扉をマテバの銃床で叩くが、一般的な木製の扉とおなじ音がするだけだ
恐る恐る扉を奥に押してみると、ドアは完全に開ききり、中から漏れていた光が全て放出されている。


 眩しさに、目を細めながら、これは何なのかを確かめる為、マガジンポケットに入っていたスマホを取り出し、管理人に電話をする
光だけがある空間で、コール音が三回ほど鳴り、管理人が電話に出た
「おー。亮君かい?どうしたんだ急に、まさか鍵無くしたとかじゃあないだろうね?」
「あ、もしもし。いや!無くしてないですよ!管理人さん、今日廃墟のところになんか扉みたいなのつけました?」


 どうやら、鍵を無くしたものだと思われたみたいだが心外だ。鍵はきちんと持っている。

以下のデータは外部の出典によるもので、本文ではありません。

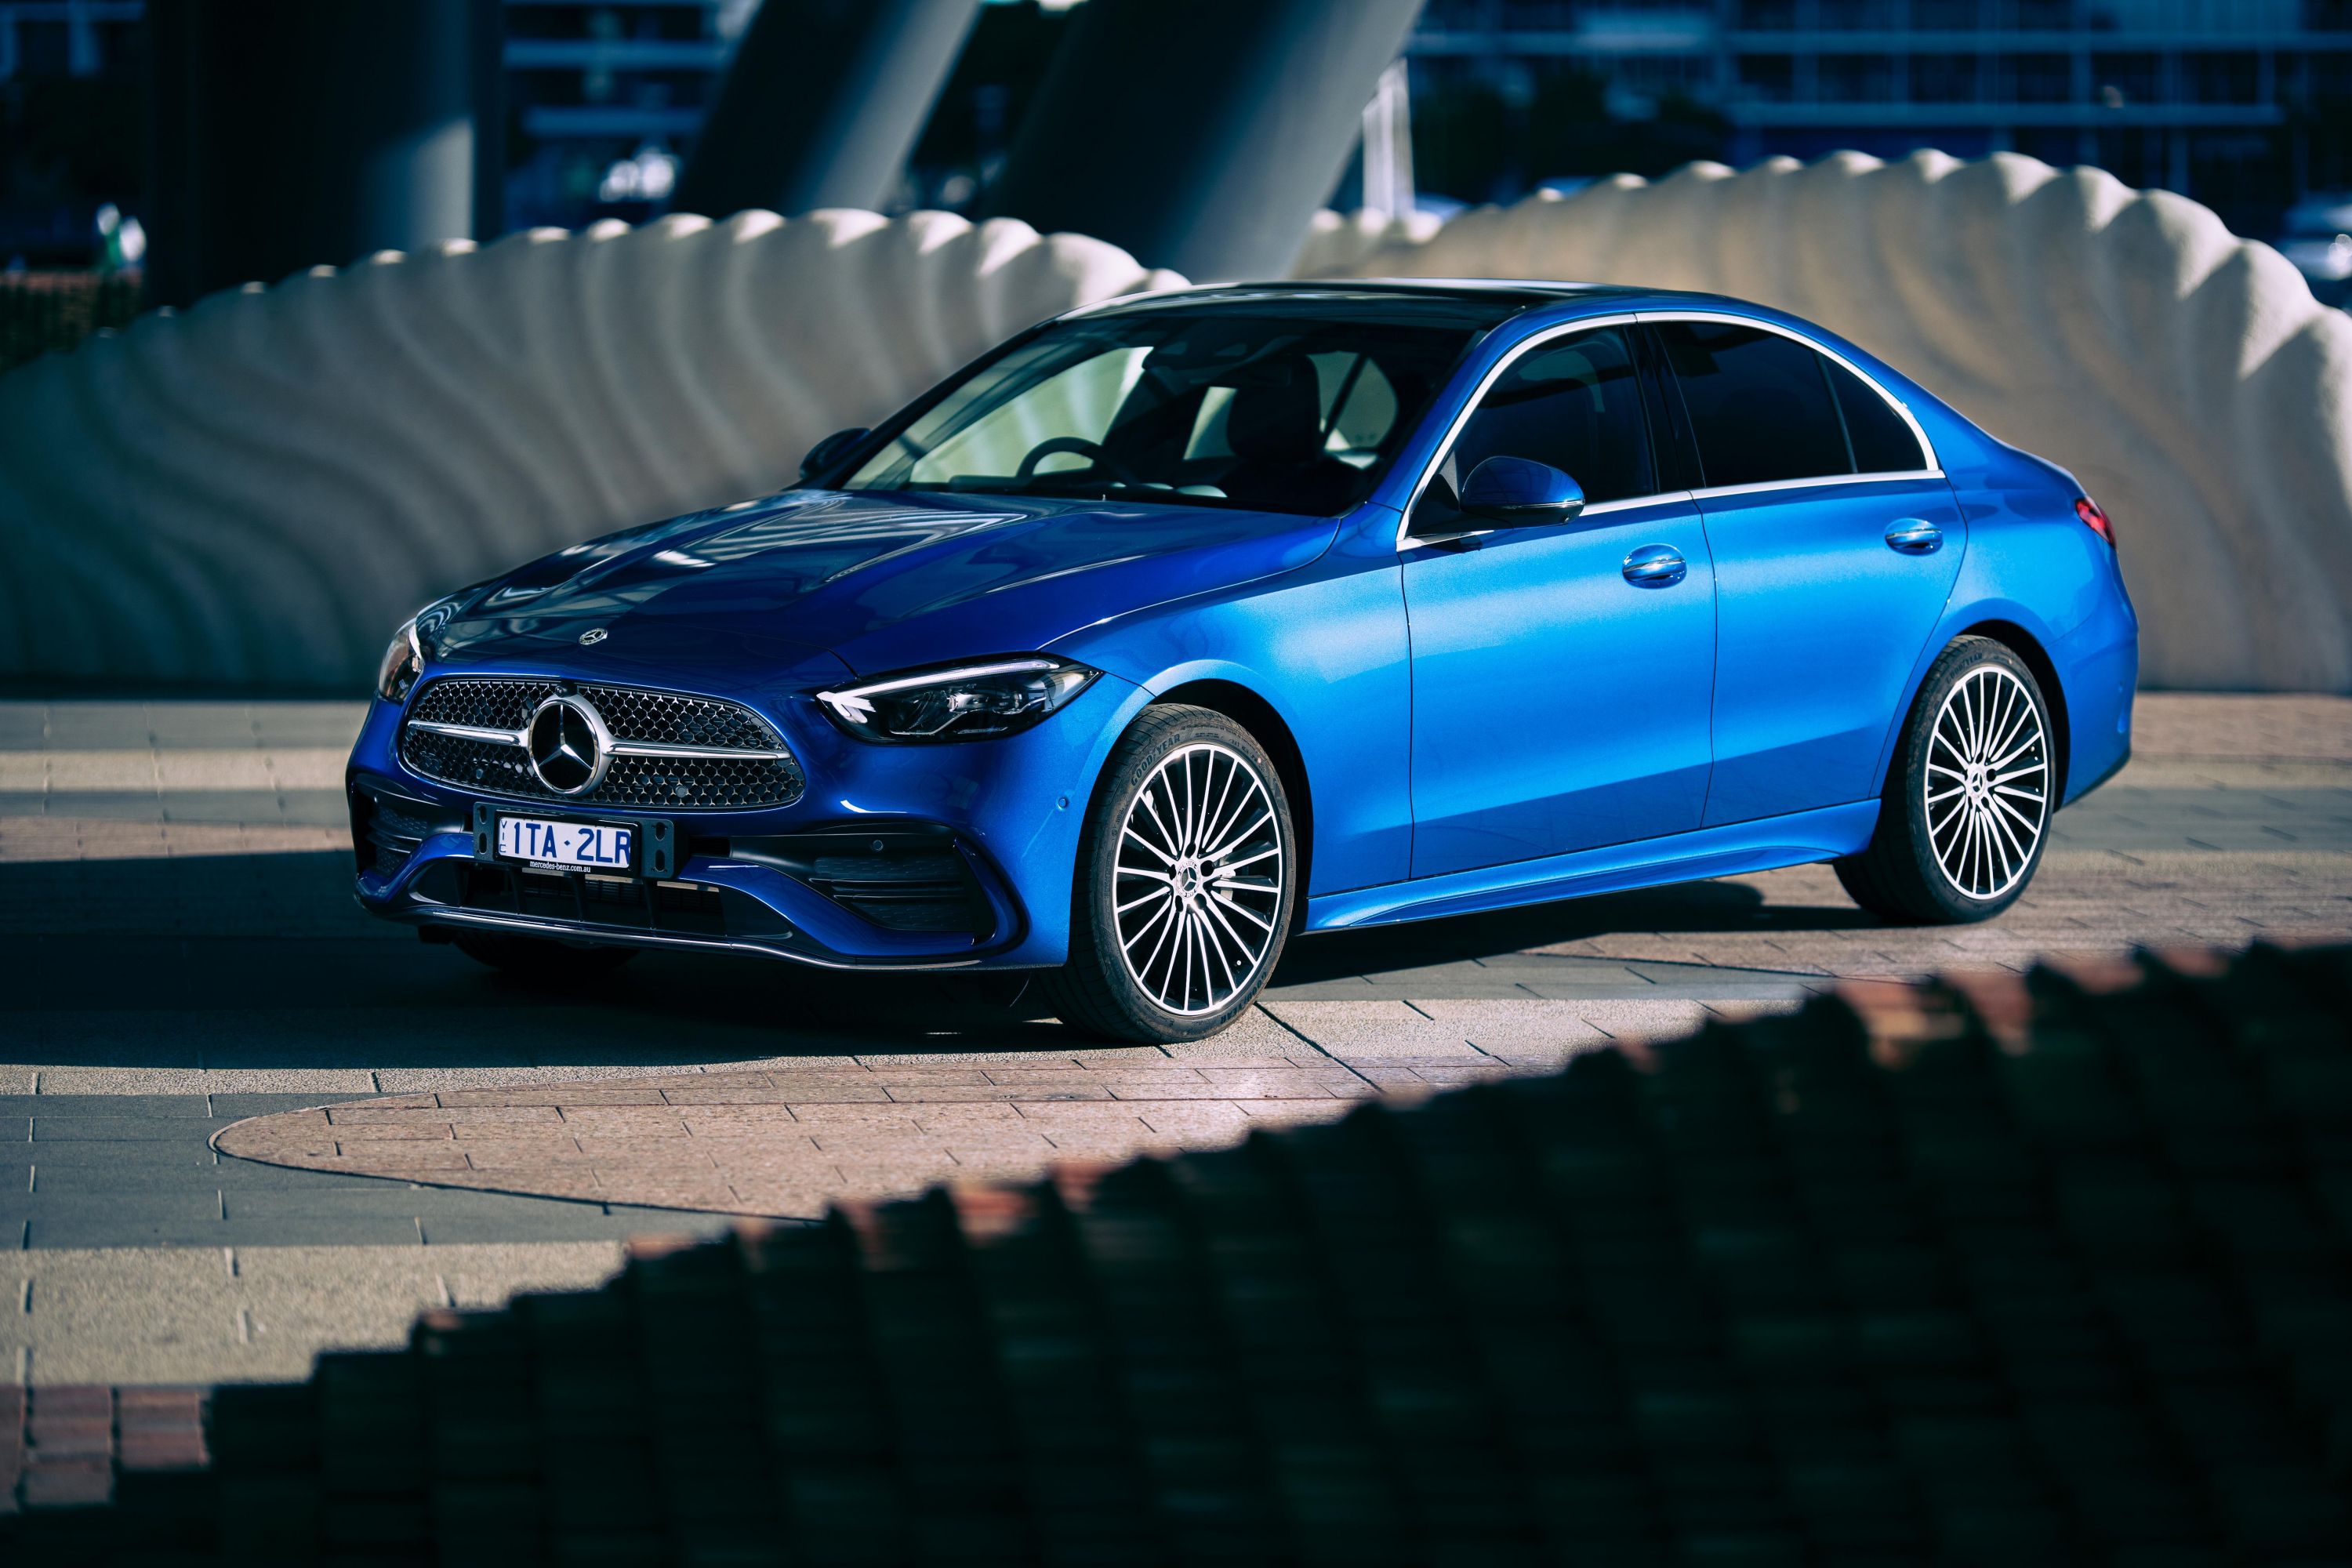 2022 Mercedes C-Class: A New Generation of Luxury

管理人さんの声を聞けてよかった。少し、気分が落ち着いた
 だが、その落ち着いた気分を一気に落とす発言が、管理人さんの口から発せられた
「扉ぁ?そんなもんつけてないよ? あの廃墟はあれで完成品なんだ。これ以上手をつけるつもりは一切ないよ」
「え…?」
 あまりの驚きに、スマホを手から滑り落としそうだった
管理人さんじゃない…?だとしたらこれは?
「なんだ、どうしたのさ亮君?」
「い、や…あの…、廃墟のスナイパースポットの…部屋に…でかくて、白いとびらが───」
 唐突に、背中に重い衝撃がはしる。それはまるで、思いっきり誰かから押されたような……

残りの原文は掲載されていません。